Воспитательные меры исчерпаны. Позора Семен Аркадьевич терпеть не намерен. Пасынок подался в бега?
– Найдем. Пуля найдет. А как поначалу Семен Аркадьевич обрадовался за Юрку, когда из Перебор привели арестованных им мологжан! Думал, вот, научился сосунок работать, понял, что только мужественность и жестокость превращают юношу в мужчину. В настоящего мужчину, способного рукояткой нагана проломить череп ближнего, а легким движением ствола и росчерком пера решать судьбы людей. До середины ночи ждал: вот-вот явится Юрка, втолкнет ударом сапога в горницу художника. Не явился. Струсил. Сбежал. Пару дней еще какая-то надежда теплилась. Старый чекист даже взял на себя труд - раскрутил на нужные показания мологжан. Они сознались, что принадлежат к организованной Сутыриным диверсионной группе, которая вознамерилась помешать строительству Рыбинской ГЭС. Сказали, что у Сутырина кличка Иуда. Он родом из Иерусалима. Идеологом в группе является дочь бывших Чуриловских помещиков, Варвара Лебедянская, прозванная Сосулей.

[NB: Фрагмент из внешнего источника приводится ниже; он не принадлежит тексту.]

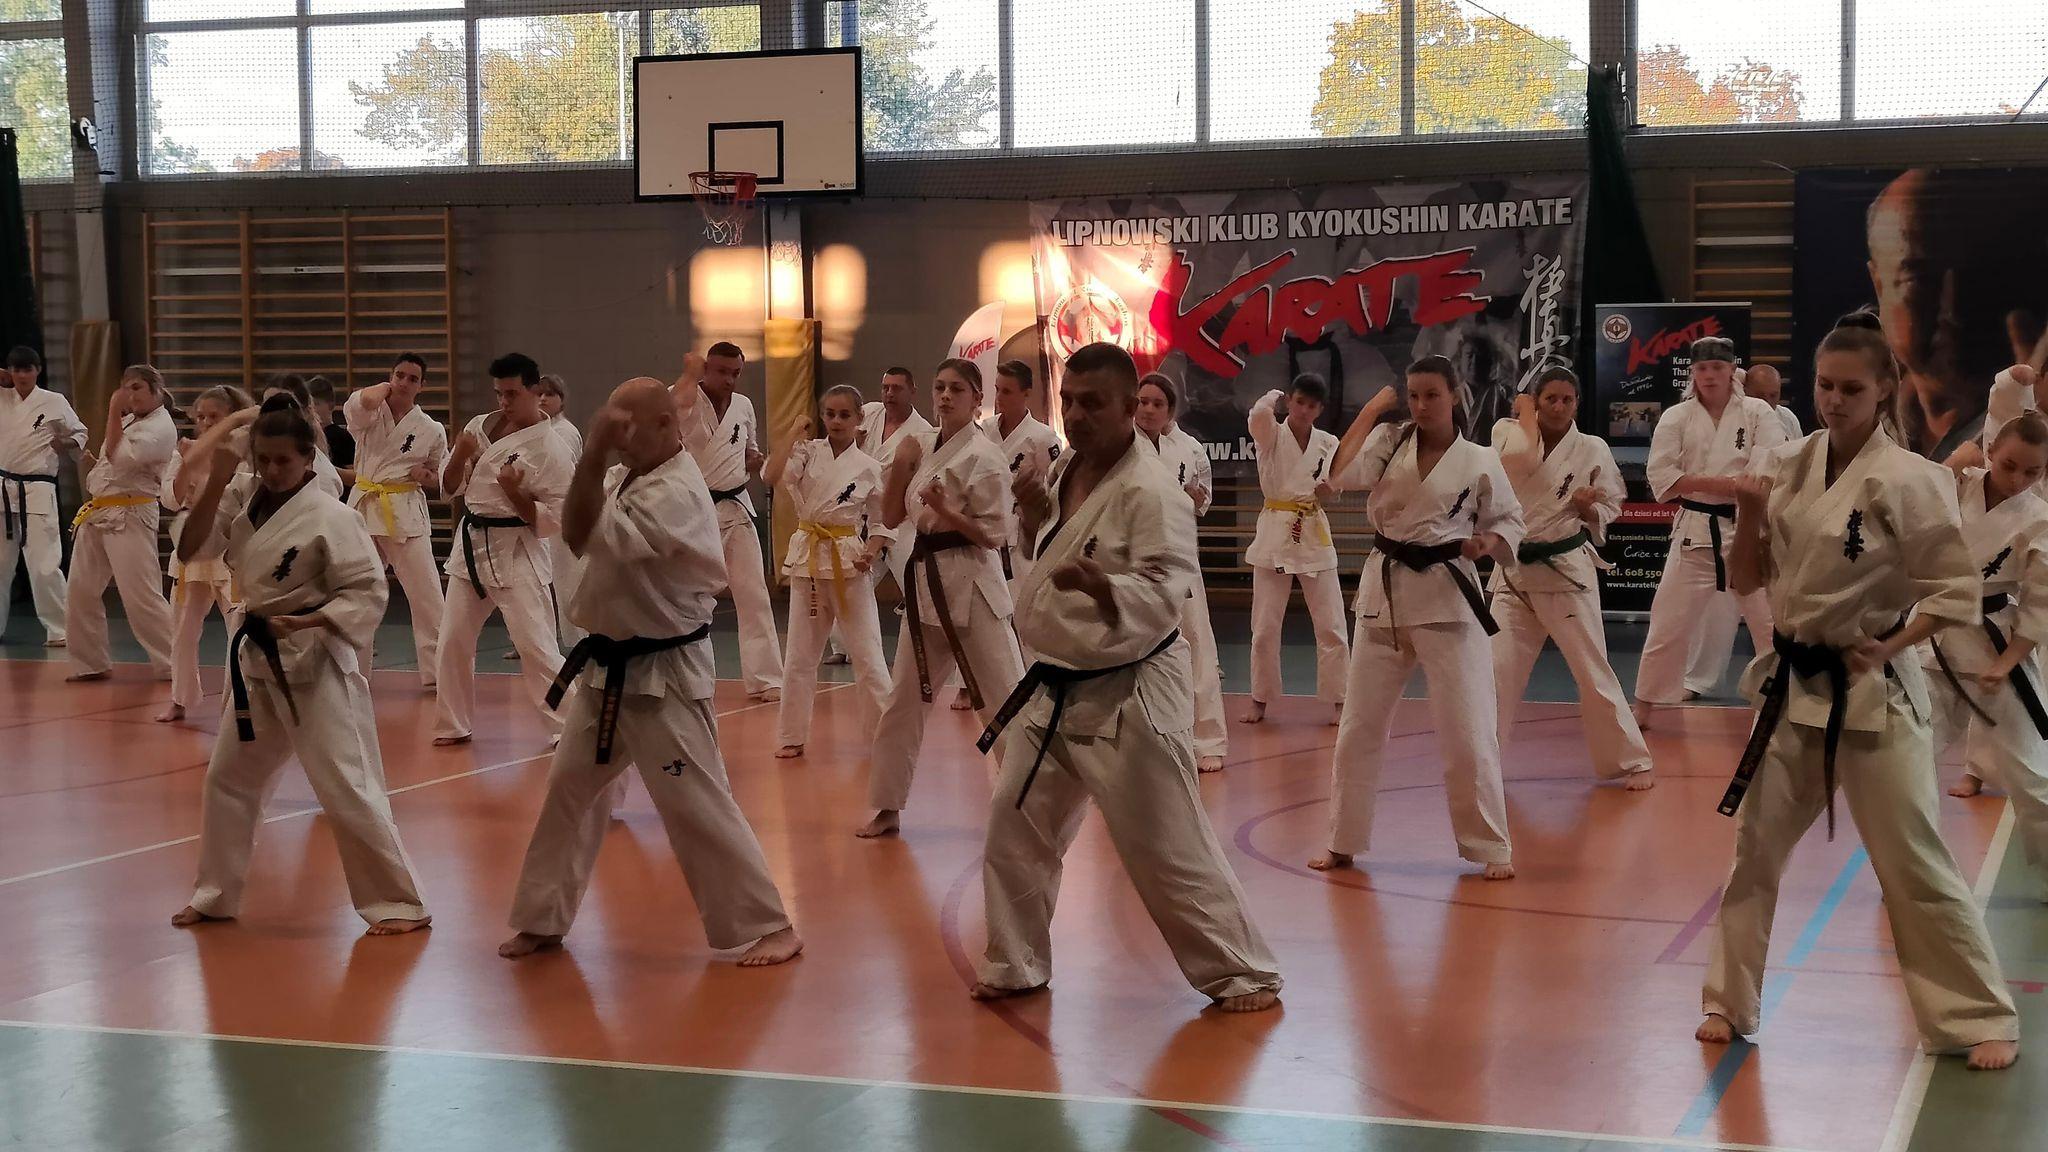 Zdj. nr. 2. Seminarium szkoleniowe Karate Kyokushin w Lipnie
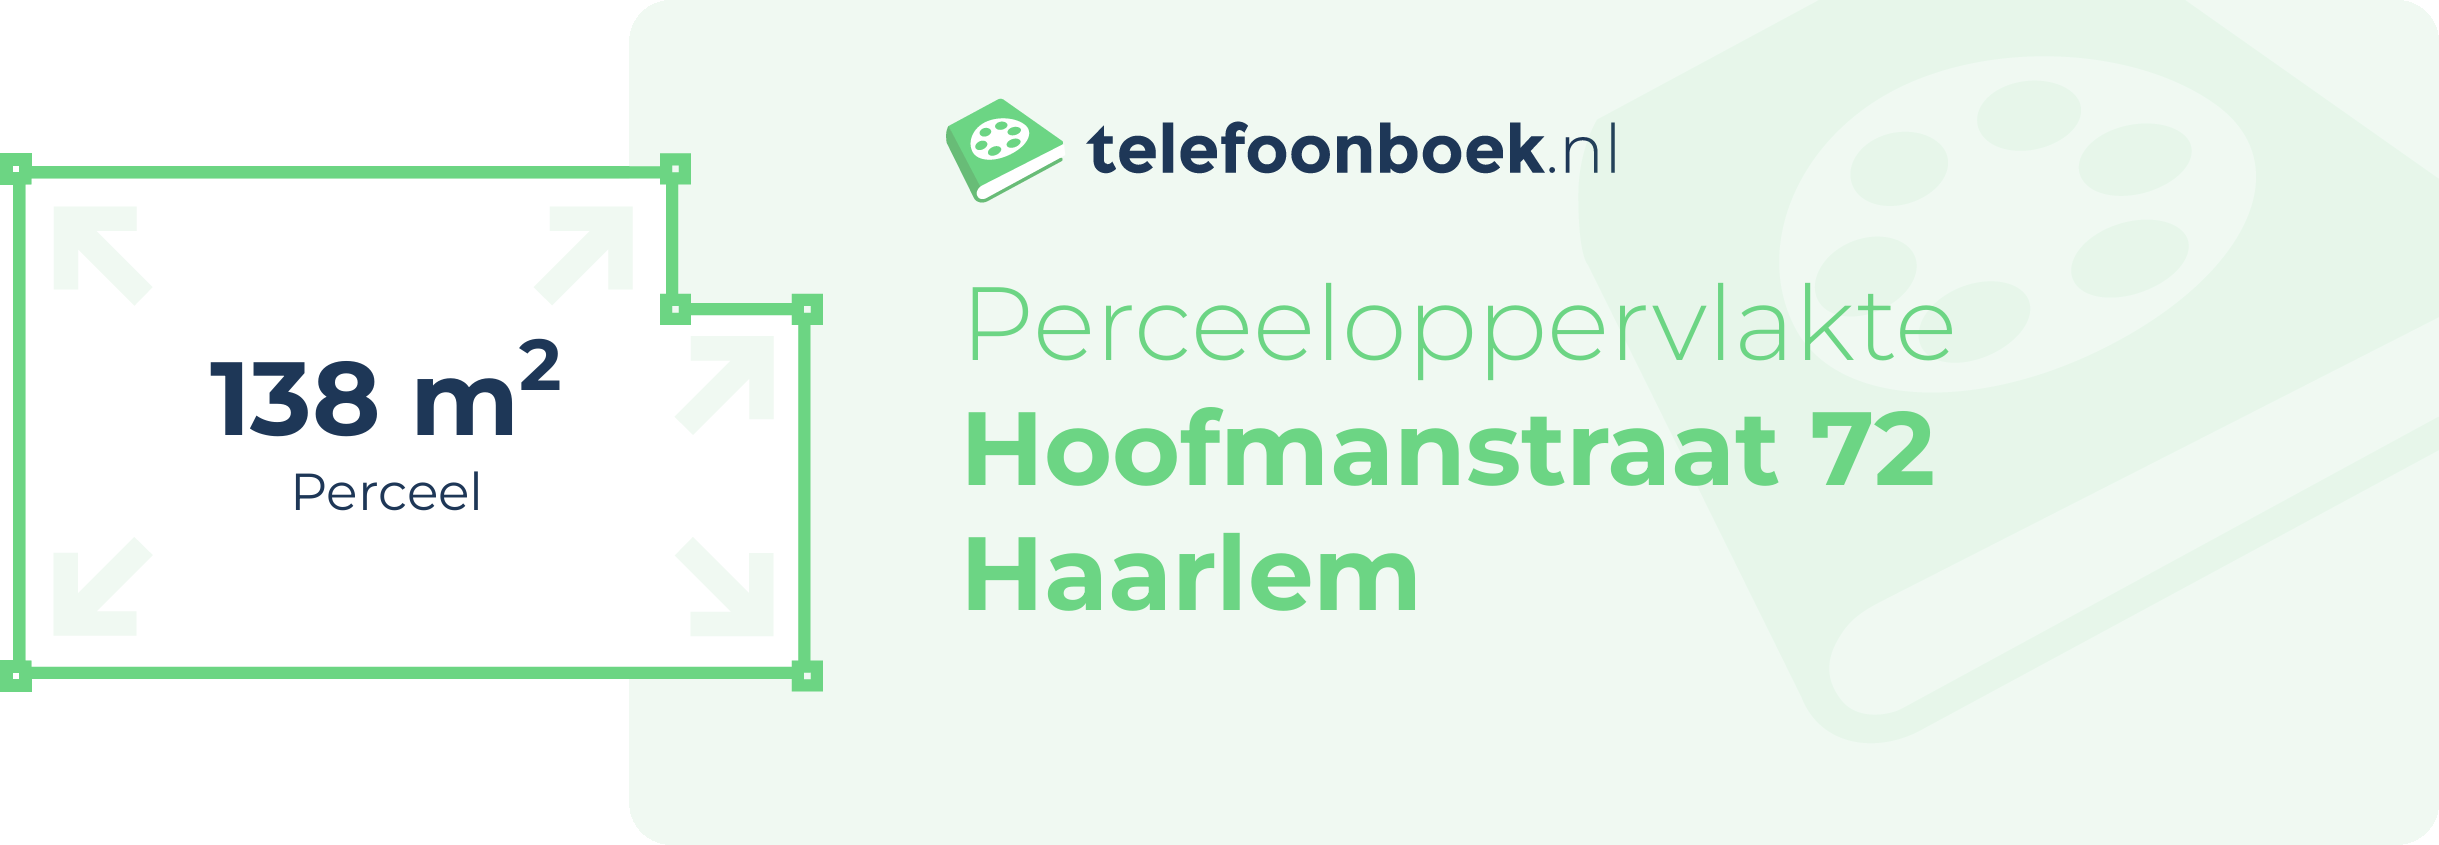 Perceeloppervlakte Hoofmanstraat 72 Haarlem

Она, притворяясь юродивой, в открытую говорила, что Сталин погубит все жилища в Мологе, не пощадит, разрушит в ярости своей укрепления дщери Иудиной.26) Конечно, это все ерунда. Показания выбивались отчимом для пользы неблагодарного пасынка. Но коль скоро процесс пошел, то профессиональный долг повелевает довести его до логического конца. На полпути назад не поворачивают.